41 of 262 comments (clear)

  1. 2.56 Terabits = ? by mattydont · · Score: 4, Funny

    Anti-Slashdoting for a webhost.

    1. Re:2.56 Terabits = ? by bioteq · · Score: 3, Informative

      Not true, actually.

      Most slashdotting happens because of hardware issues, not upstream bandwidth.

      Although, 2tb of bandwidth would be freakin' amazing for some stuff for a botnet to get ahold of..

      Quick! Everyone call up the nearest script kiddie and get to work!

  2. Terabits per second!? by SillySnake · · Score: 4, Funny

    What kind of measurement is that?
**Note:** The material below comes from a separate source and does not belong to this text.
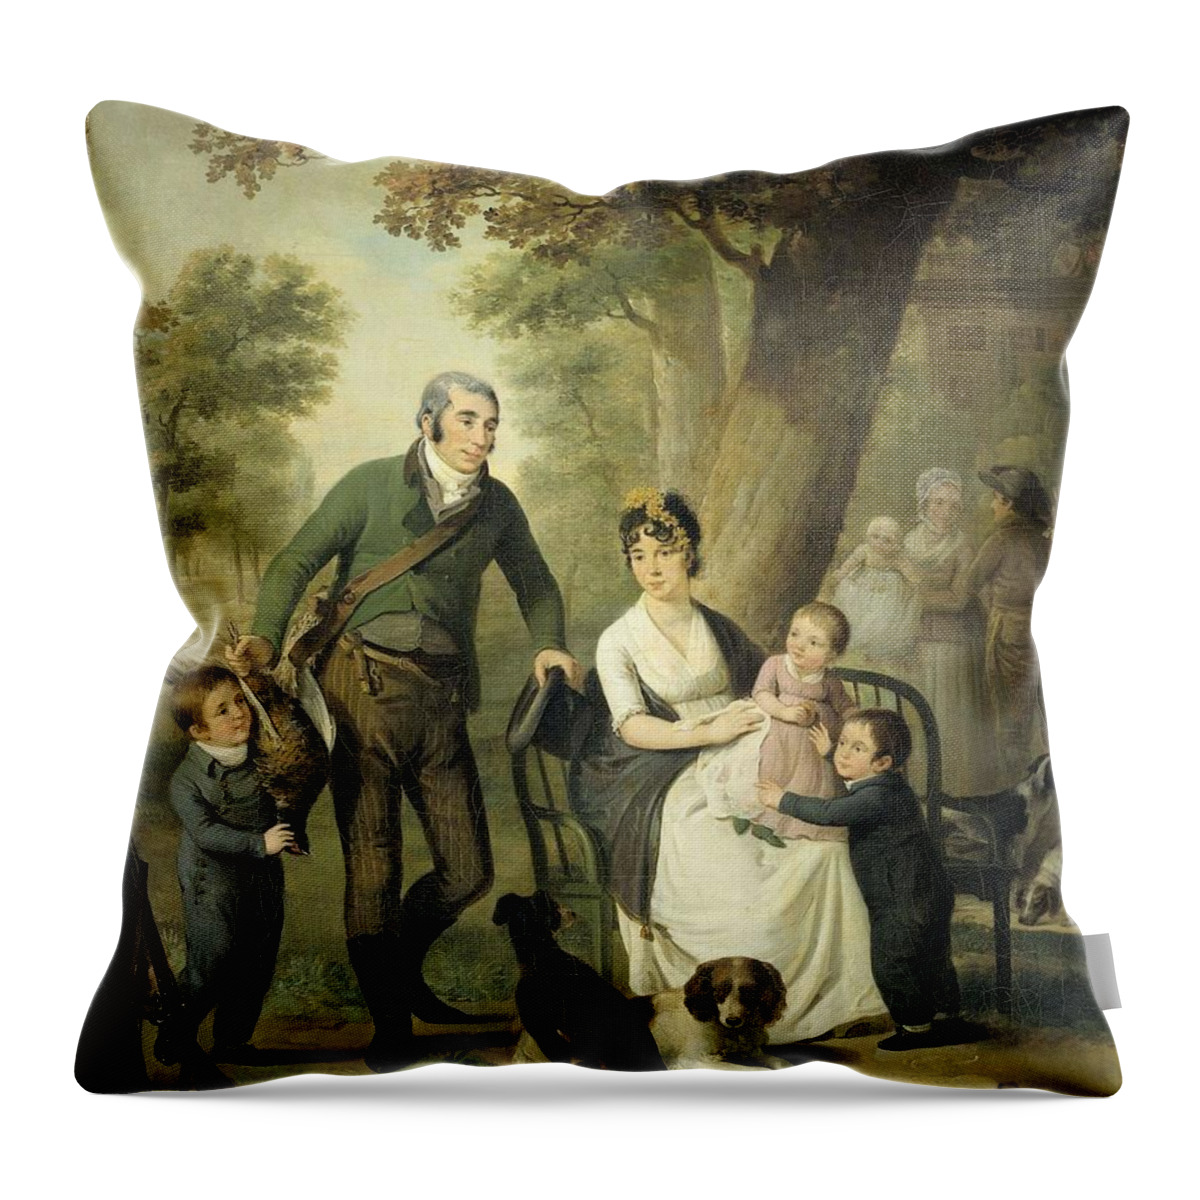 Adriaan De Lelie Throw Pillow featuring the painting Jonkheer Gysbert Carel Rutger Reinier van Brienen van Ramerus-1771-1821-, with his Wife and four ... by Adriaan de Lelie

Why can't we use something everyone understands like u-haul trucks full of dvd's driving 100 kilometers per fortnight*10^(-6)?
    For the uninitiated, that's a microfortnight.

    1. Re:Terabits per second!? by onwardknave · · Score: 5, Funny

      A measurement everyone understands? Like how much porn?

    2. Re:Terabits per second!? by Anonymous Coward · · Score: 2, Funny

      Since new porn is being added to the net at more than 3 terabits per second, you could never download it all using this technology.

      Maybe not, but I can damn well try.

    3. Re:Terabits per second!? by Achoi77 · · Score: 2, Informative
      2.328306436539 LOC/s

      From Wikipedia:
      1 LOC = 20 tebibytes
      1 tebibyte = 1,099,511,627,776 bytes

      Doesn't sound nearly as impresive, perhaps marketing should stick with 6,984,919,309 nLoc/hr

    4. Re:Terabits per second!? by gstoddart · · Score: 3, Funny
      A measurement everyone understands? Like how much porn?

      Well, they did say 60 DVDs. So depending on your proclivities, that's ... what ...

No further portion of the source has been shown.